--- Data Enclosed Below ---

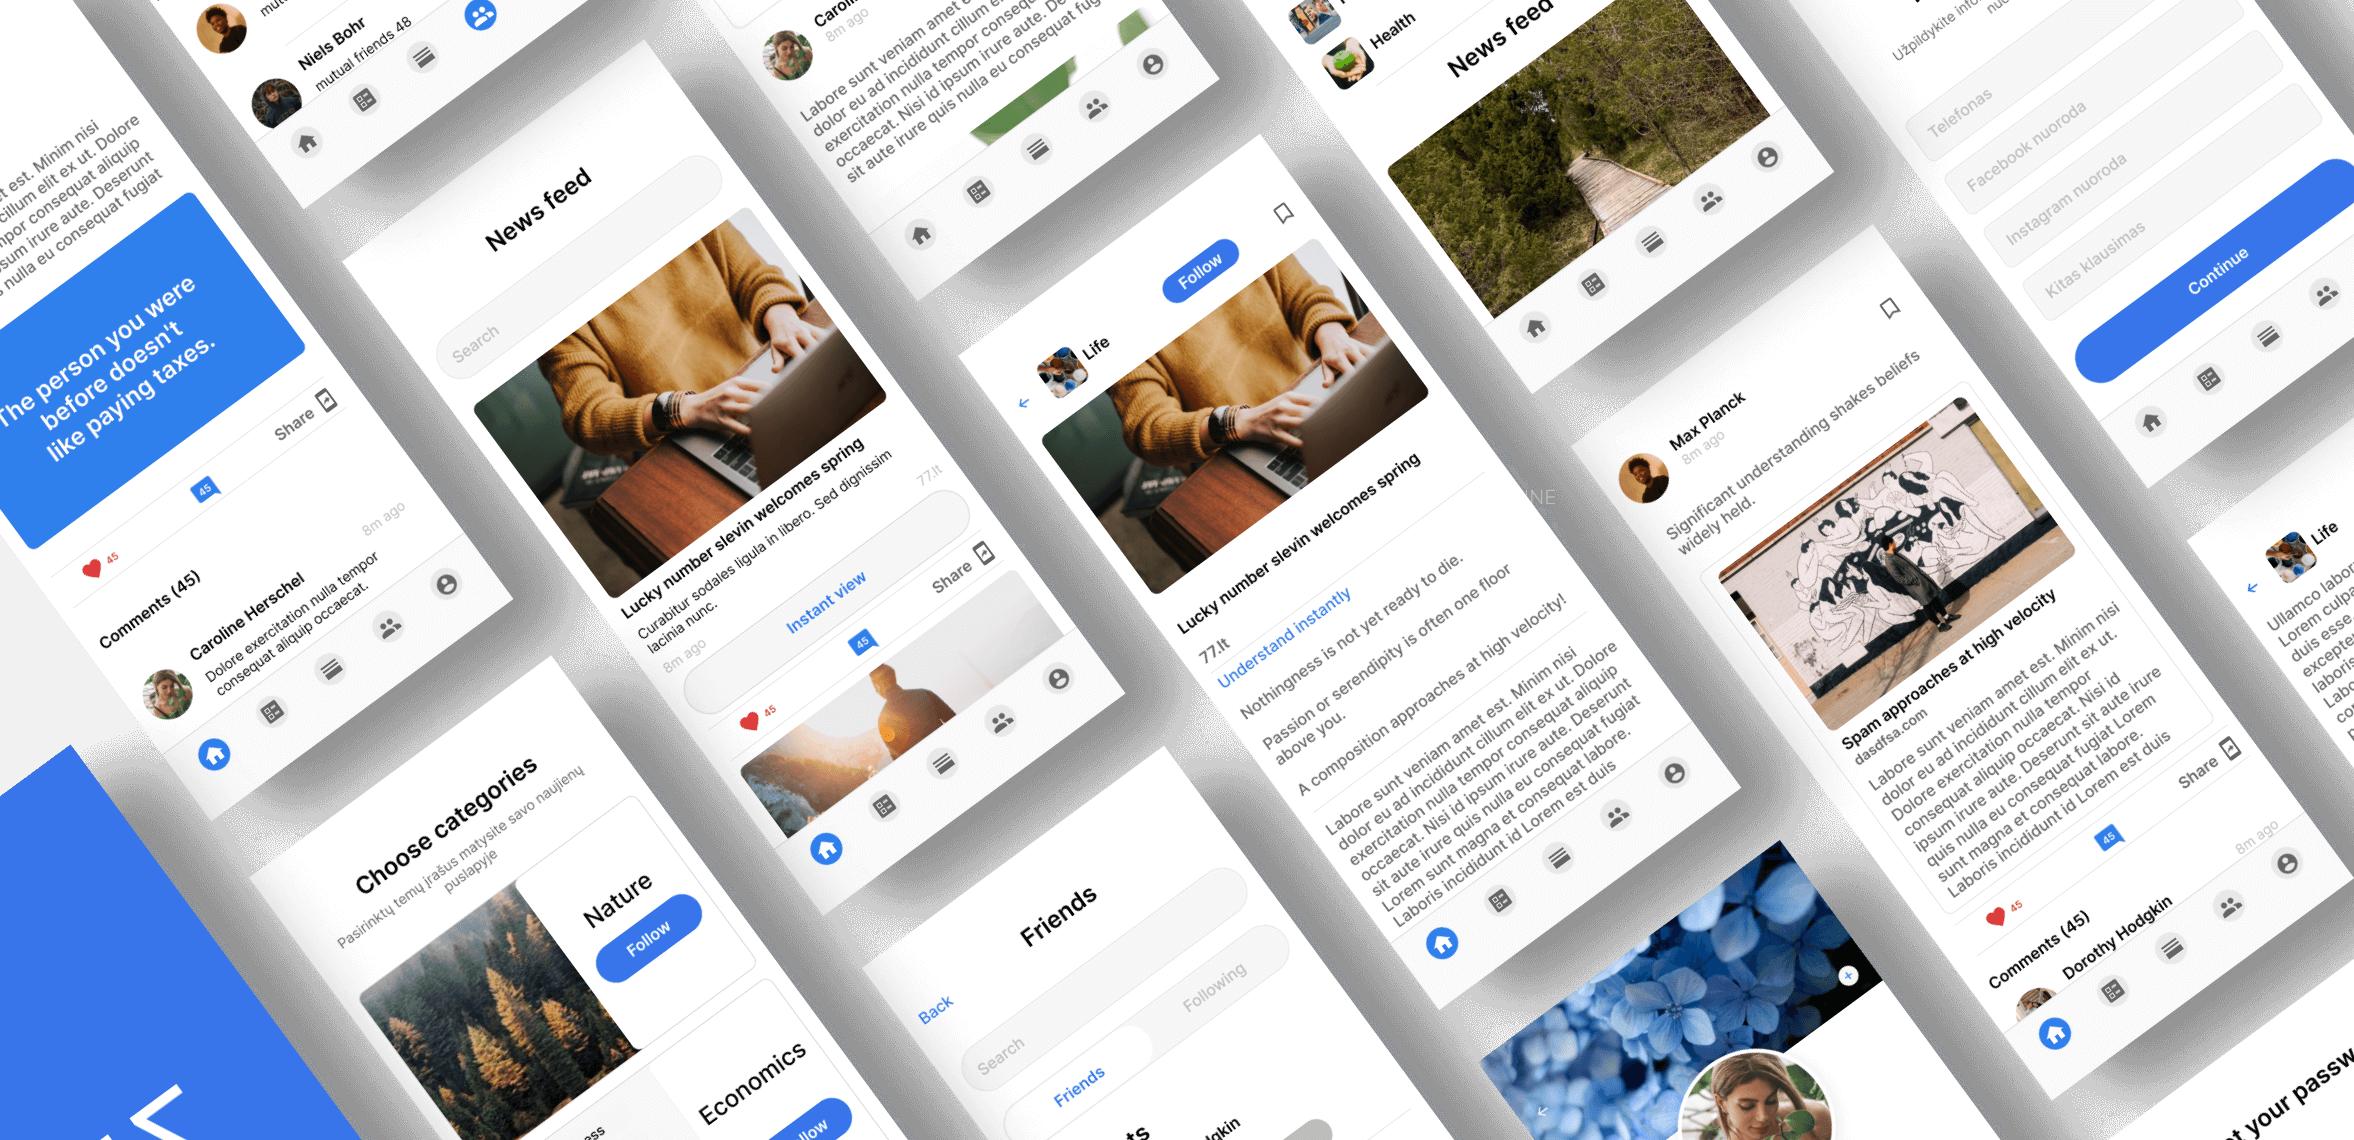 77, a social network app we built with Bubble, a No Code software development tool.
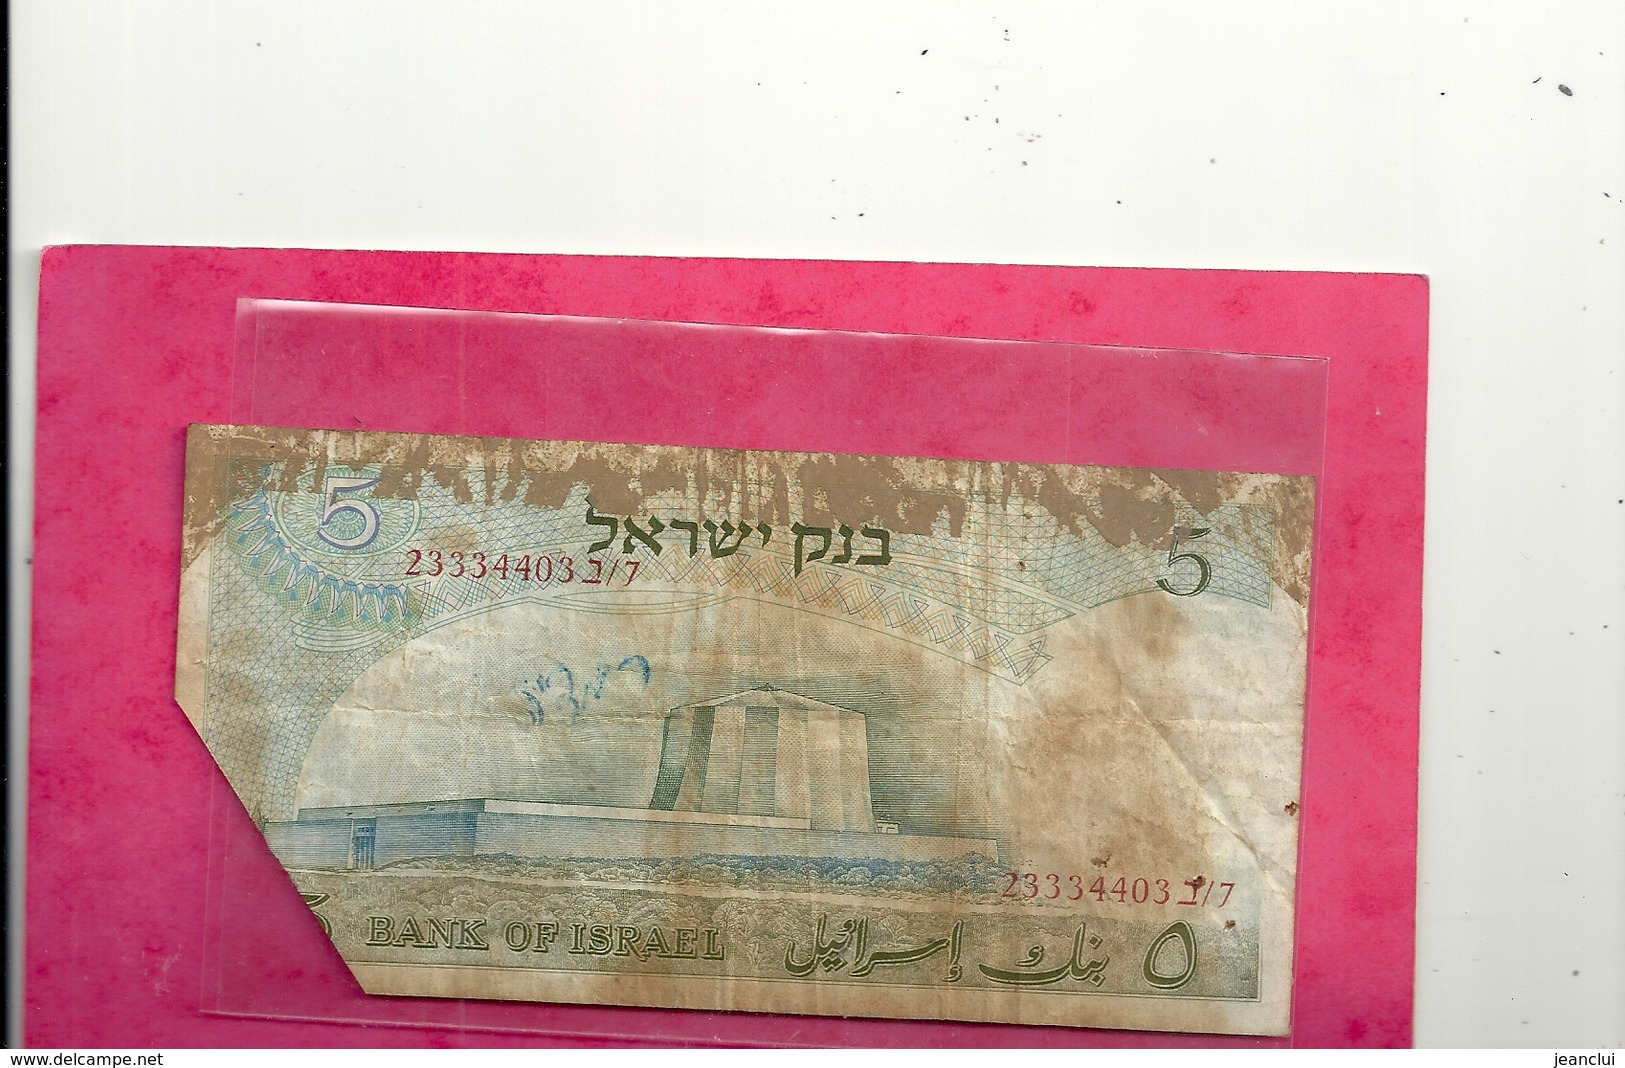 ISRAEL . 5 LIROT . GROS MANQUE DANS UN COIN  . 2 SCANES - Israel
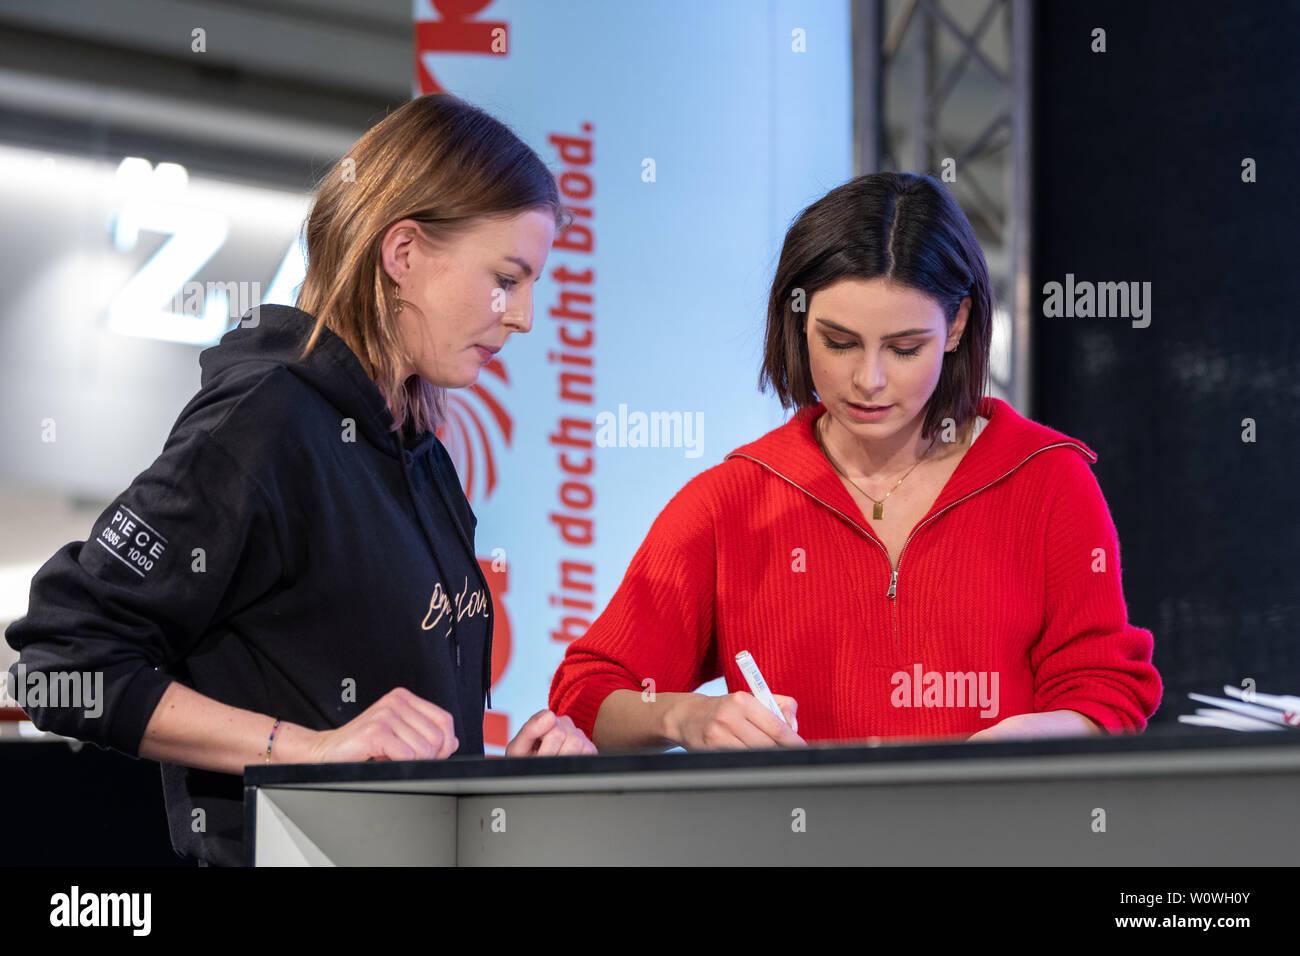 "Lena Meyer-Landrut Autogrammstunde mit zu Ihrem Albumstart ""seulement l'amour, l""'im ALEXA Berlin / 090419 Banque D'Images"

--- End of Enclosed Data ---

### Task prompt
All lines from the line with "ISRAEL . 5 LIROT" through the final line of the listing are to be printed exactly, both ends included; the pictures are not.

### Result below
 ISRAEL . 5 LIROT . GROS MANQUE DANS UN COIN  . 2 SCANES - Israel
 "Lena Meyer-Landrut Autogrammstunde mit zu Ihrem Albumstart ""seulement l'amour, l""'im ALEXA Berlin / 090419 Banque D'Images"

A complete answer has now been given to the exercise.